One way you can see some possible outcomes of your retirement plan is to use a retirement simulator similar to one available from Vanguard. These simulators use Monte Carlo methods to run several thousand possible patterns of investment returns to see how your portfolio holds up through retirement. Behind the impressive scientific-looking tools are some problems. Here I show the problems in pictures.
To understand these problems, we need to look at the fairly simple way these simulators work. To generate a possible outcome for your portfolio, many of these simulators begin with some actual historical investment returns from a range of years. They build your simulated results one year at a time by choosing one of the historical years randomly and applying that year’s returns to your portfolio.
Before getting into why this method has some issues, let’s go to a couple of charts. I grabbed some annual TSX investment returns for the past 47 years. Then I made a chart of portfolio growth for all 28 overlapping 20-year periods. Here are the 28 results for a starting portfolio of $20,000:
It’s hard to learn too much from this mess, but bear with me. What matters is the range of outcomes. The next thing I did was to put the 47 years of TSX returns into a random order and draw the same chart again. I used all the same return percentages, but in a different order. Here is the result:
The main thing to notice is how much more spread out the 20-year returns were in the random order case. Both charts have exactly the same log-scale. The portfolios for the TSX returns in actual order had an ending portfolio value range of $82k to $251k. For the randomized return order, the range was $46k to $339k. This is a substantial difference. Once the return order is randomized, the portfolio outcomes become much wilder.

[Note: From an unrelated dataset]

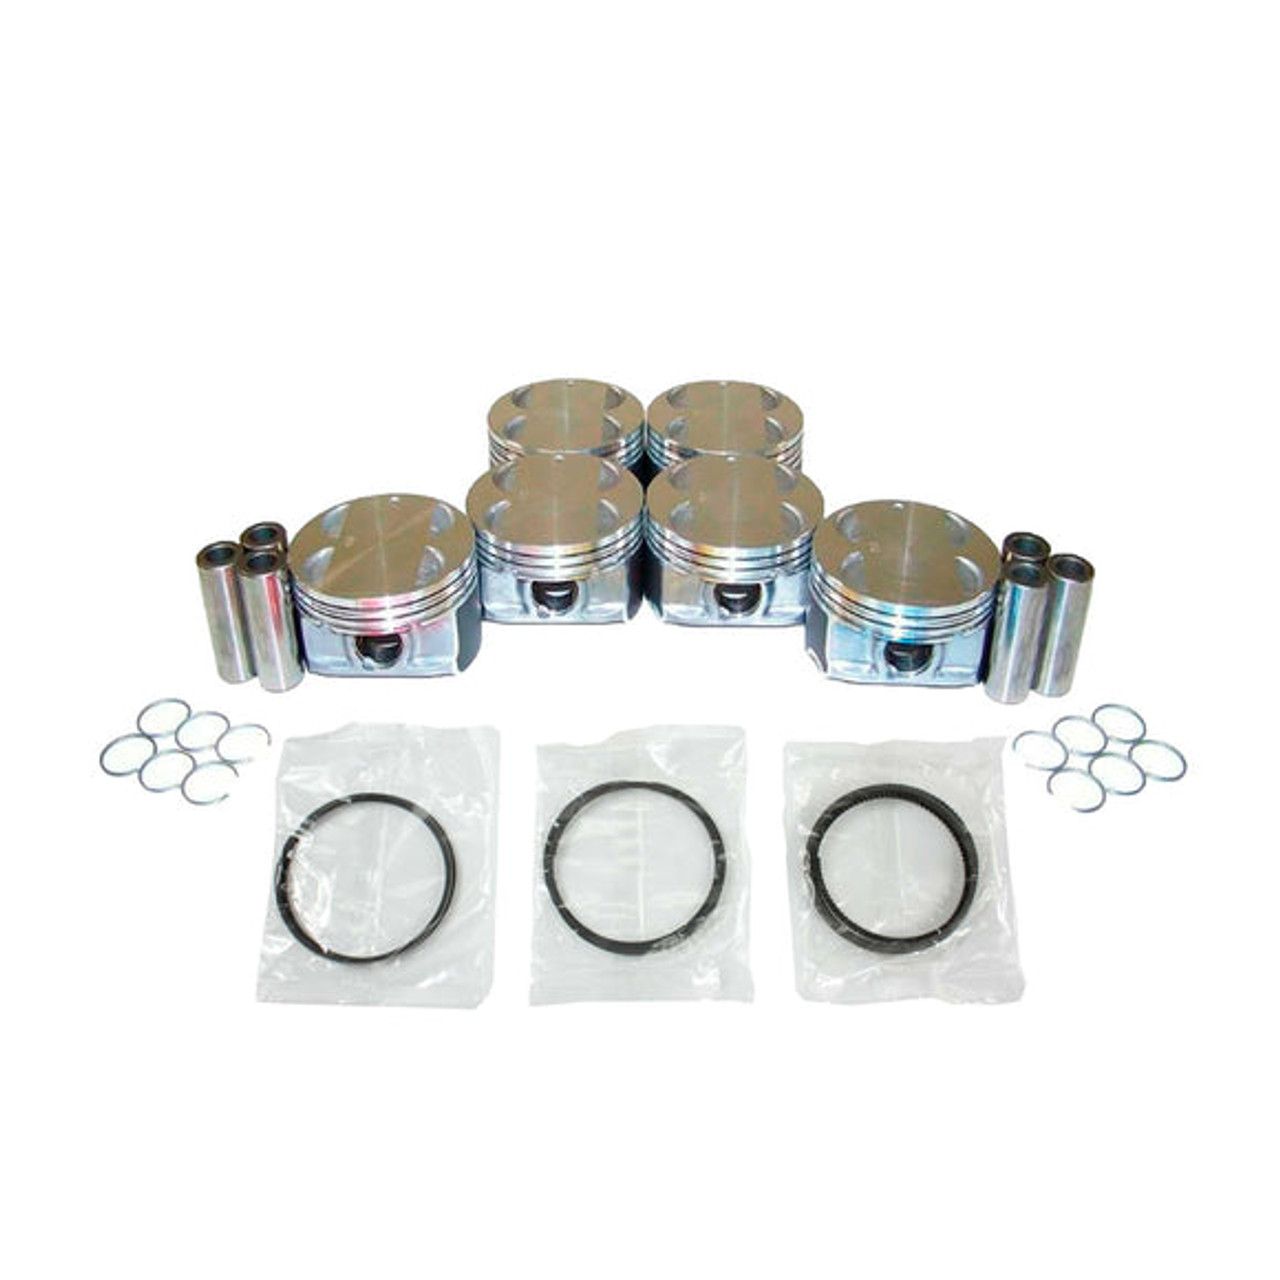 Piston Set with Rings - 2004 Cadillac CTS 3.6L Engine Parts # PRK3136ZE17

What’s the explanation for the change? It turns out that the stock market has a tendency to revert to the mean faster than random chance would suggest. A string of years with poor returns are somewhat more likely to be followed by good returns than more poor returns, and vice-versa. When we randomize the order of the annual returns, we eliminate this effect.
So, many retirement simulators give results that are wilder than you can really expect in real life. If you choose a spending level and run the simulations, the simulator might overstate the likelihood of running out of money. On the other hand, if average annual stock returns are lower in the future than they were in the past, the simulator may be understating the likelihood of running out of money. We might hope that these effects would cancel, but it’s likely that one will dominate the other, and it’s hard to say which.
This doesn’t mean that using Monte Carlo simulations to get a sense of the range of possible outcomes is a bad idea. It’s just important not to be too impressed with the science and math. These simulations have two important limitations: they remove return correlations across time, and they assume that future average returns will match past average returns. Buyer beware.